CNET también está disponible en español.

Ir a español

Don't show this again

Photography

IBM stirs controversy by using Flickr photos for AI facial recognition

The million images were shared under the liberal licenses that Flickr photographers chose, but they probably didn't picture this.

An annotated photo from IBM's Diversity in Faces data set

An annotated photo from IBM's Diversity in Faces data set.

IBM

Some photographers who contributed photos to the Flickr photo-sharing site were surprised IBM used those same photos in a million-image collection to train AI face-recognition systems -- but perhaps they shouldn't have been.

The Flickr photos had been shared under a Creative Commons license, a framework under which people can loosen restrictions on photos, text, video or other material that otherwise would be protected by copyright. CC licenses can bar commercial use or require others using the photos to attribute them to their source, but the general idea is to make the work available for others to use.

"None of the people I photographed had any idea their images were being used in this way...It seems a little sketchy that IBM can use these pictures without saying anything to anybody," Greg Peverill-Conti, an executive at public relations firm SharpOrange whose photos were used, told NBC News Tuesday.

IBM used only photos licensed under Creative Commons, and IBM's legal team approved the program, a company representative said. The data is offered only to academic researchers through a project called Diversity in Faces. The faces are annotated with human observations about factors like sex and age and with geometric measurements, and they are intended to help researchers counter bias that can undermine AI fairness.

"We take the privacy of individuals very seriously and have taken great care to comply with privacy principles, including limiting the Diversity in Faces dataset to publicly available image annotations and limiting the access of the dataset to verified researchers. Individuals can opt-out of this dataset," spokesman Saswato Das said in a statement. "IBM has been committed to building responsible, fair and trusted technologies for more than a century and believes it is critical to strive for fairness and accuracy in facial recognition."
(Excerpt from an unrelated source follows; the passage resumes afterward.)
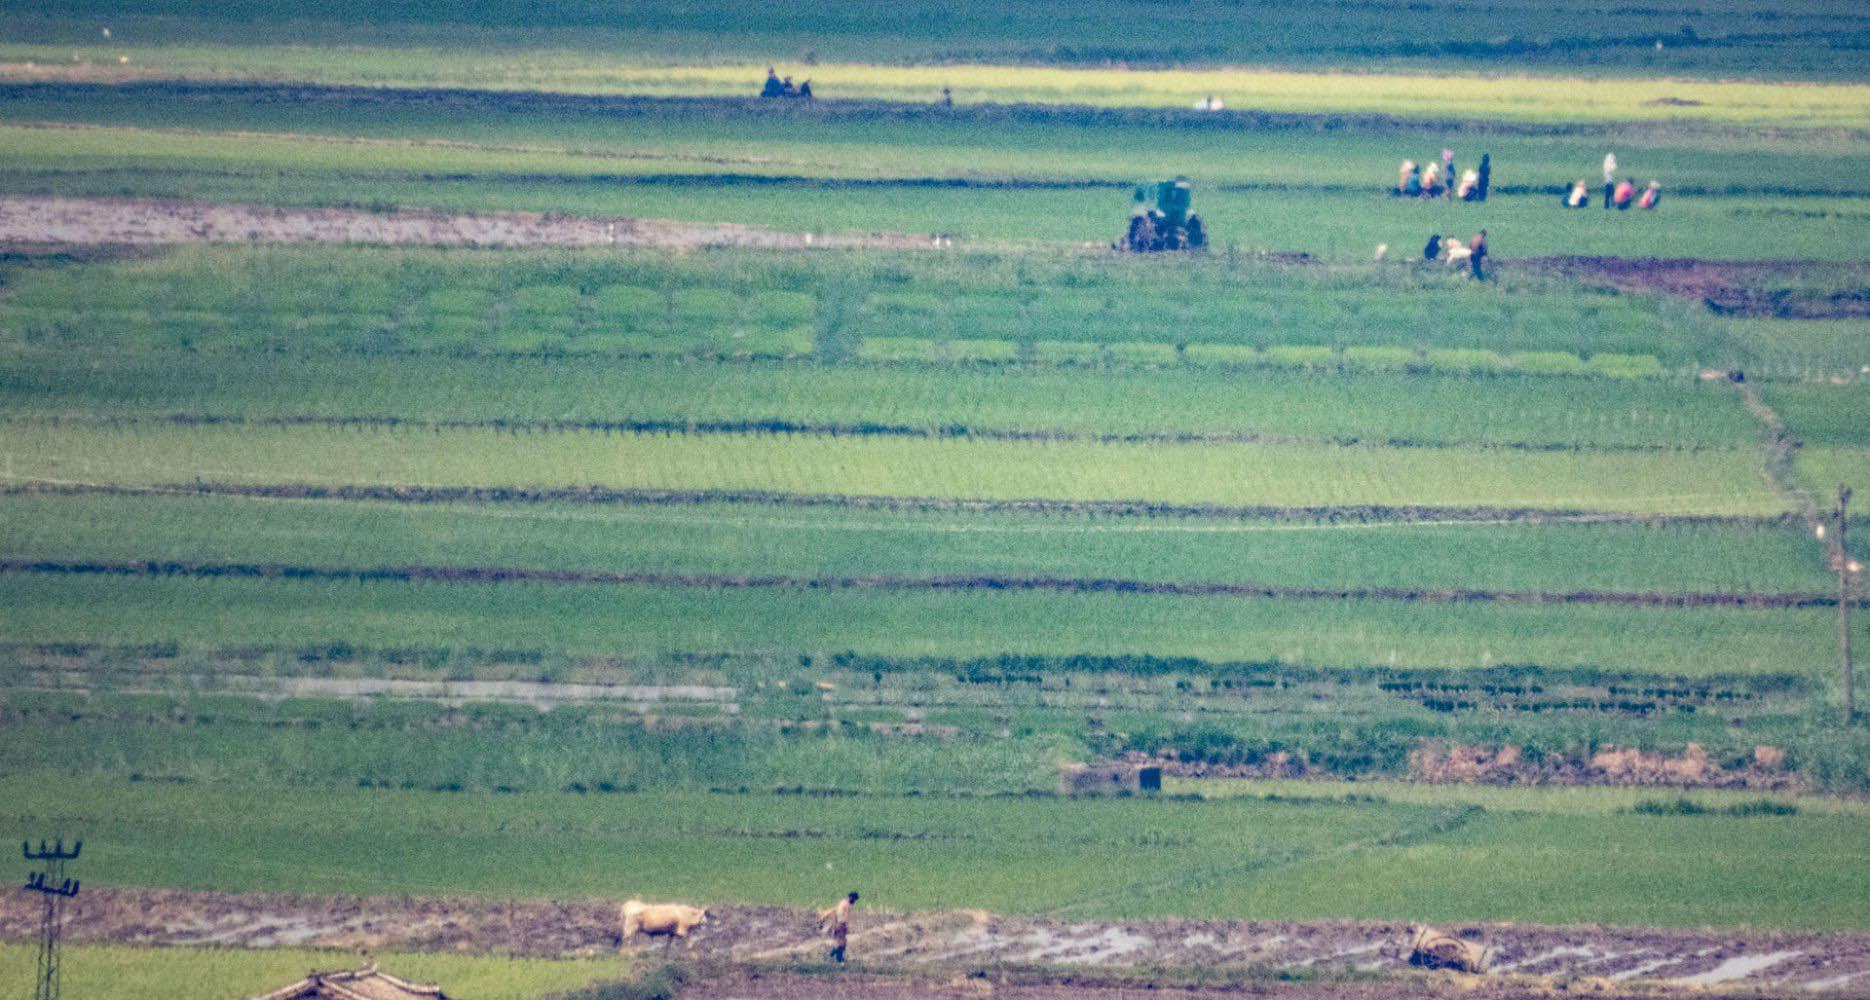 Ảnh hiếm về nông thôn Triều Tiên khi tình hình lương thực căng thẳng - Ảnh 5.

One lesson here: If you don't want your imagery used to train artificial intelligence systems -- or to appear in books, Wikipedia articles, art projects and corporate PowerPoint presentations -- choose your Creative Commons licenses carefully or don't use them at all. Even then you might be surprised, since IBM's use -- reduced-size images that have been significantly annotated -- is arguably transformative and therefore permissible even with copyrighted images under copyright law's fair-use provisions. So perhaps the only way to truly avoid having your photos used in AI is to avoid sharing them at all.

Creative Commons details

You might also like the Creative Commons ethos. Sharing data that researchers may freely use -- to rid AI systems of racial bias, for example, or to improve voice recognition, as with Mozilla's Common Voice project -- is arguably a laudable goal. 

The Creative Commons organization, a nonprofit that oversees the licenses, didn't comment on IBM's specific usage. But Chief Executive Ryan Merkley said the matter of faces used to train AI systems is broader than just a licensing issue.

"Our tools were built to solve for copyright, and they do that well," Merkley said. "But copyright isn't a good tool to address privacy, or research ethics, or surveillance AI."

The organization published a blog post about the IBM-Flickr case and FAQ about the AI situation more broadly on Wednesday.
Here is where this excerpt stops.